Dive Brief:
- SAP is leaning on its hyperscaler partnerships to help keep customer costs down amid tariff-inflamed economic turbulence, company executives said Tuesday, during a Q1 2025 earnings call.
- “We have four hyperscalers plus our own converged cloud,” CEO Christian Klein said, pointing to the cost stability of multiyear vendor contracts. “We are not purchasing hardware directly — we are consuming it oftentimes via the hyperscalers where we have some kind of price security.”
- The company saw revenues on its cloud-based enterprise software portfolio jump 27% year over year to nearly 5 billion euros ($5.7 billion) with its cloud ERP suite accounting for 85% of the segment, CFO Dominik Asam said.
Dive Insight:
Despite tariff-driven uncertainty, SAP remained steadfast in its commitment to wind down support for on-prem ERP systems over the next several years as it coaxes customers to invest in its cloud-based offerings.
“If you are sitting on an outdated ERP, the value of moving now is so big that the business case should really actually make sense even if the macro gets worse,” Klein said Tuesday.
SAP kicked off a massive restructuring at the start of last year, spending more than $2 billion to expand its cloud business and accelerate ERP migrations.
While the company showed some flexibility earlier this year, promising to extend business continuity services for some customers through 2033, the broader timeline remains unchanged: Mainstream maintenance support for legacy SAP ERP Central Component systems will end in 2027.
The specter of supply chain disruptions, mounting inflation and a global trade war triggered by President Donald Trump’s punitive tariffs has already taken a toll on IT budgets.
Organizations looking at a costly ERP modernization may hit pause on their plans if uncertainty surrounding U.S. trade policy persists, analysts told CIO Dive shortly after the levies were announced earlier this month.
This may be a difficult time for businesses to embark on multimillion-dollar modernization projects without seeing immediate value, Klein acknowledged.
SAP is banking on real-time trade management, financial modeling and cross-functional budgeting capabilities built into the cloud-based ERP suite to overcome headwinds and deliver tangible short-term gains.

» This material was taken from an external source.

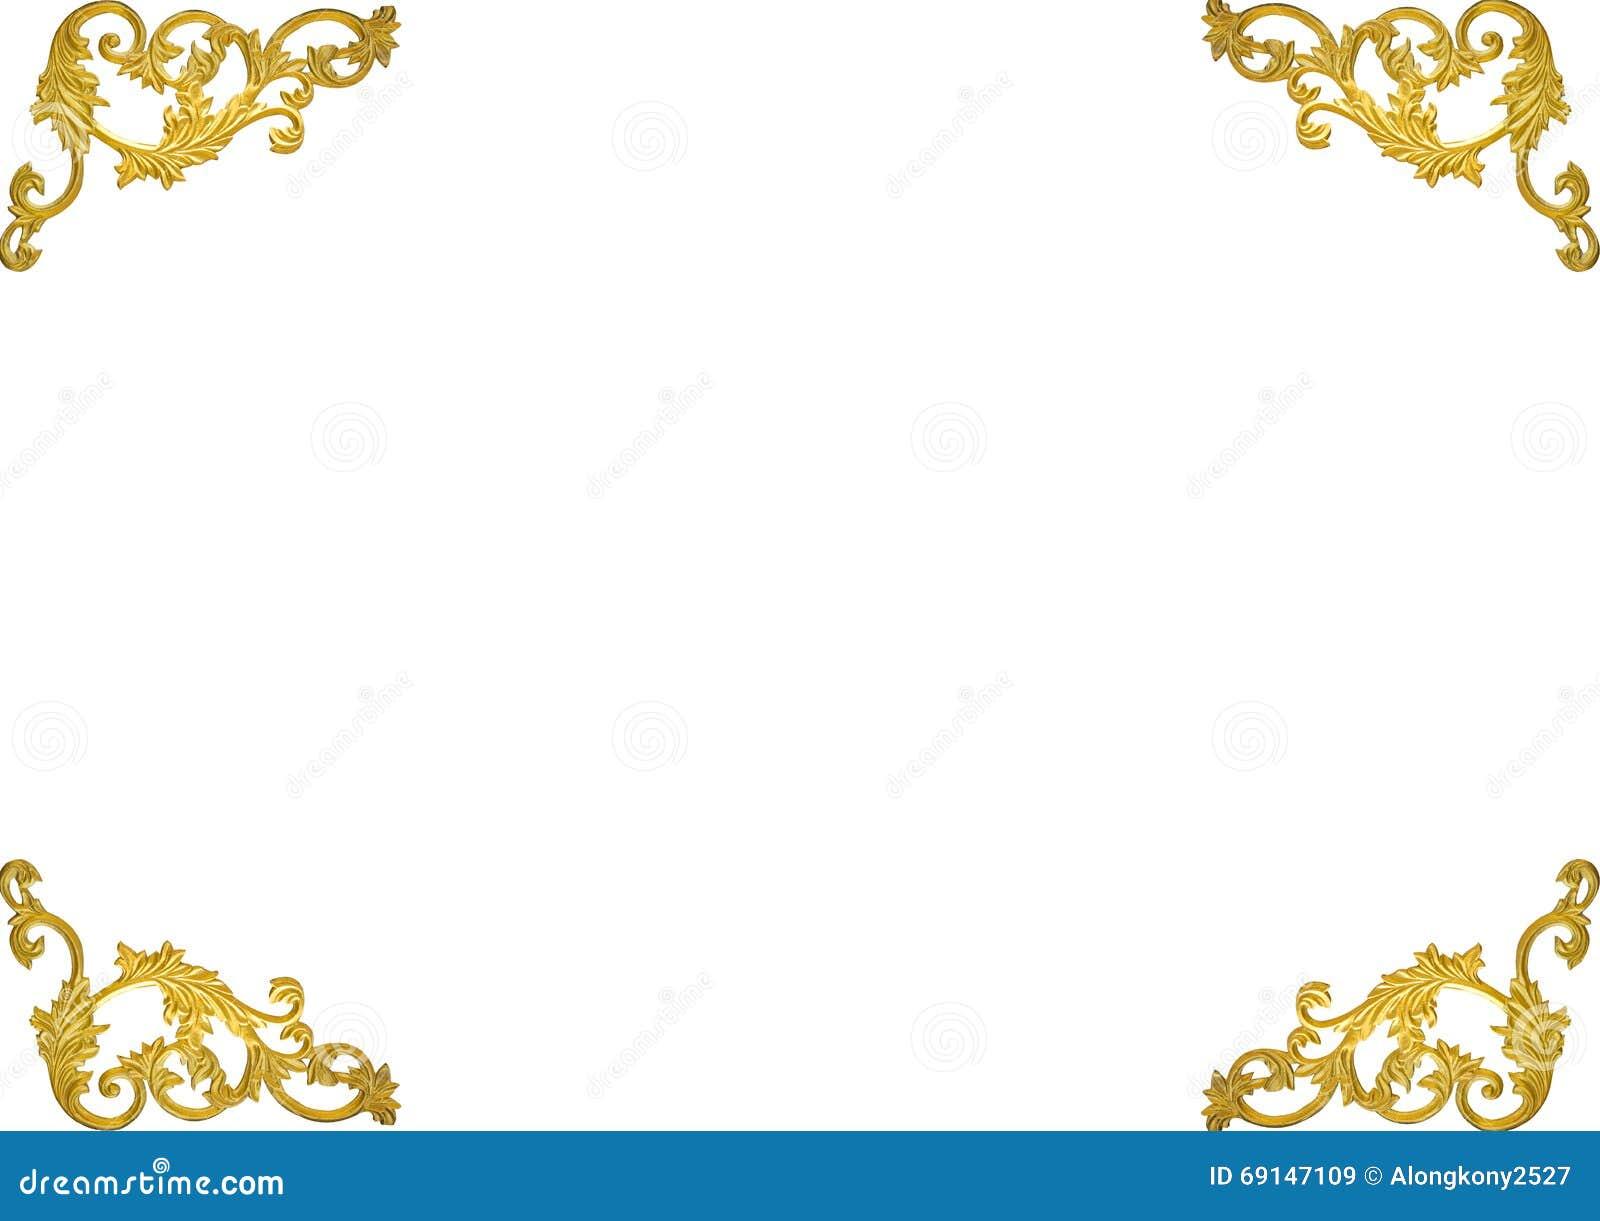 a309ce380a44 Old antique gold frame Stucco walls greek culture roman vintage style  pattern line design for border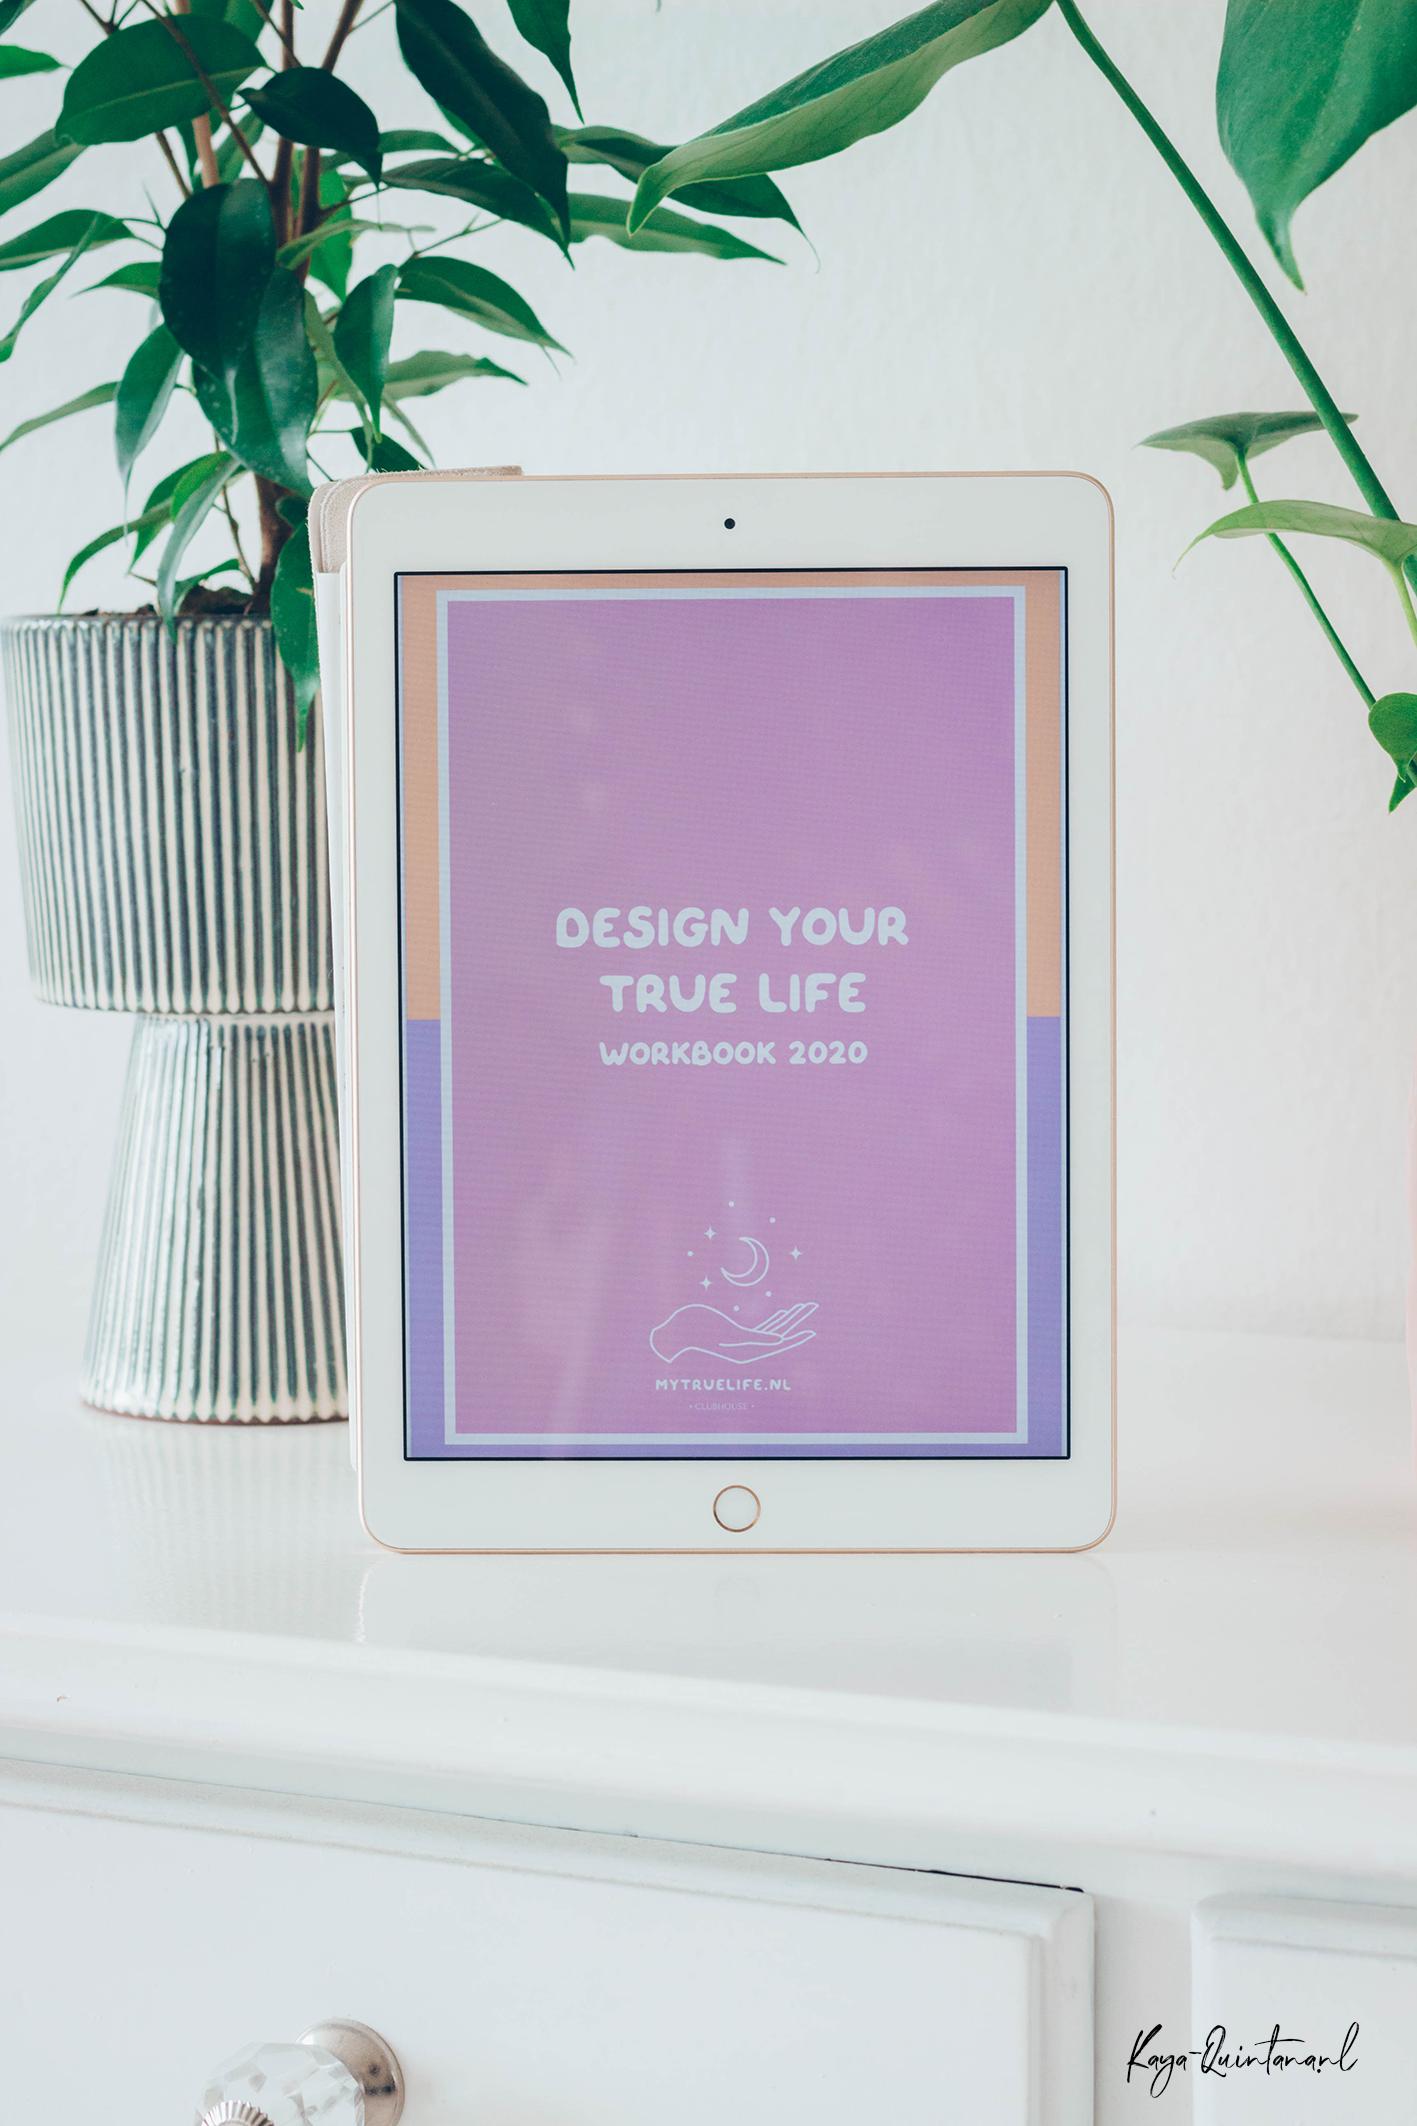 Design your true life workbook

The company has updated its RISE with SAP migration package, adding a business transformation management toolkit and making it easier for customers to move from private to public cloud within their existing contracts, Klein said.
SAP rolled out an expanded S/4HANA private cloud bundle through the RISE program and added the SAP Build low-code developer toolkit to the private and public cloud suites Tuesday.
“We are updating our RISE offering with enhanced packages,” Klein said. “We can't change external uncertainty, but we can help our customers … manage those challenges.”